The problem, once again, wasn't the casket but the cemetery, as grave No. 27 was removed from Grandview Memorial Gardens on Friday morning after recent flooding concerns.
"We bought a crypt, and we got a lawn vault, which is basically a glorified septic tank," Melissa Warner said after watching her father's casket removed from the ground. Her father, Willie Deaton, was buried at Grandview in 1983.
The Deaton family decided to reinter Deaton after Warner came to place flowers on his grave and noticed that another crypt, which had already been relocated, had filled with muddy water. The family estimated the cost of reintering the casket to be $3,000.
"My kids wouldn't put me there," said Linda Deaton, wife of the deceased. "I spent my IRA to pay for (the reinterment). Now I might have to work until full retirement."
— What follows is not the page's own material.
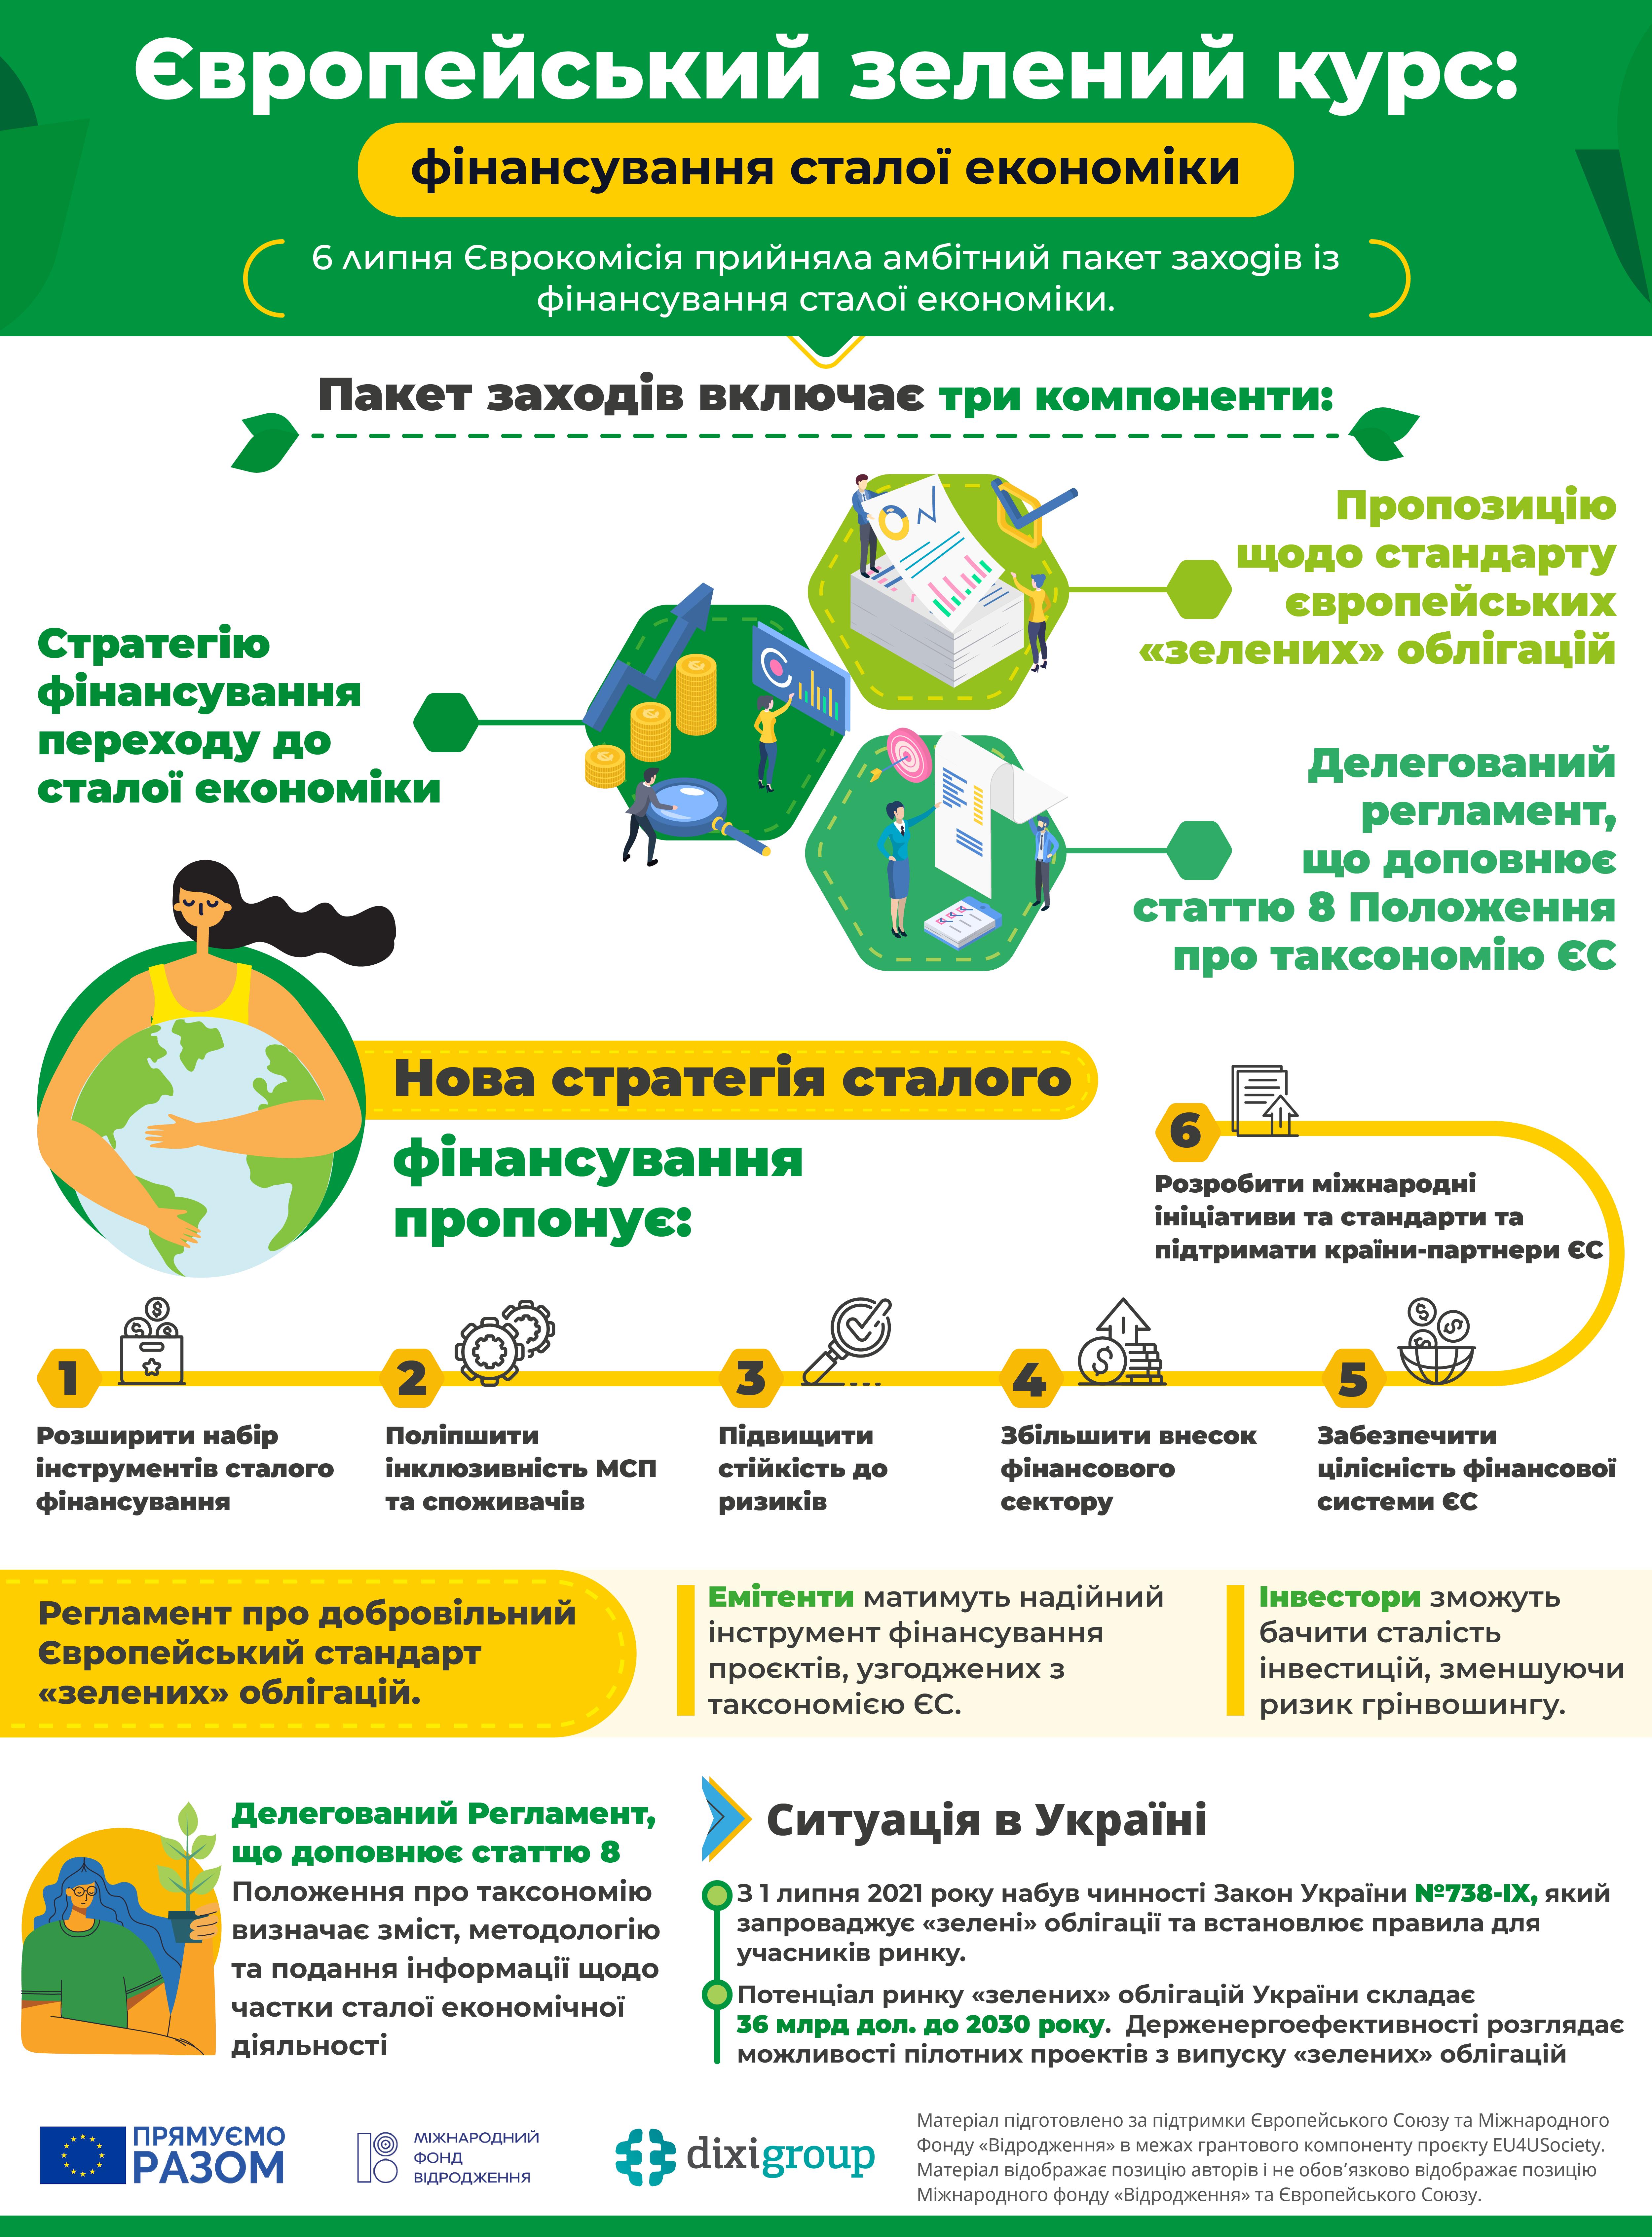 ЄЗК: фінансування сталої економіки (інфографіка)

Nay estimated that six or seven more reinterments have also been scheduled. Many families have paid for plots in advance and must now save money to find a new place of burial, he said.
Willie Deaton's coffin was taken to the Morgan & Nay Funeral Centre for cleaning before it was reintered at noon Friday at Bethany Cemetery. Since the casket was still sealed at exhumation, it was not opened before reburial.
A second class-action lawsuit involving Grandview was filed Friday in Jefferson Circuit Court.
For now, Deaton's family hopes that their loved one will be able to finally rest in peace.
"We just feel more comfortable that it's dry where he'll be," Warner said.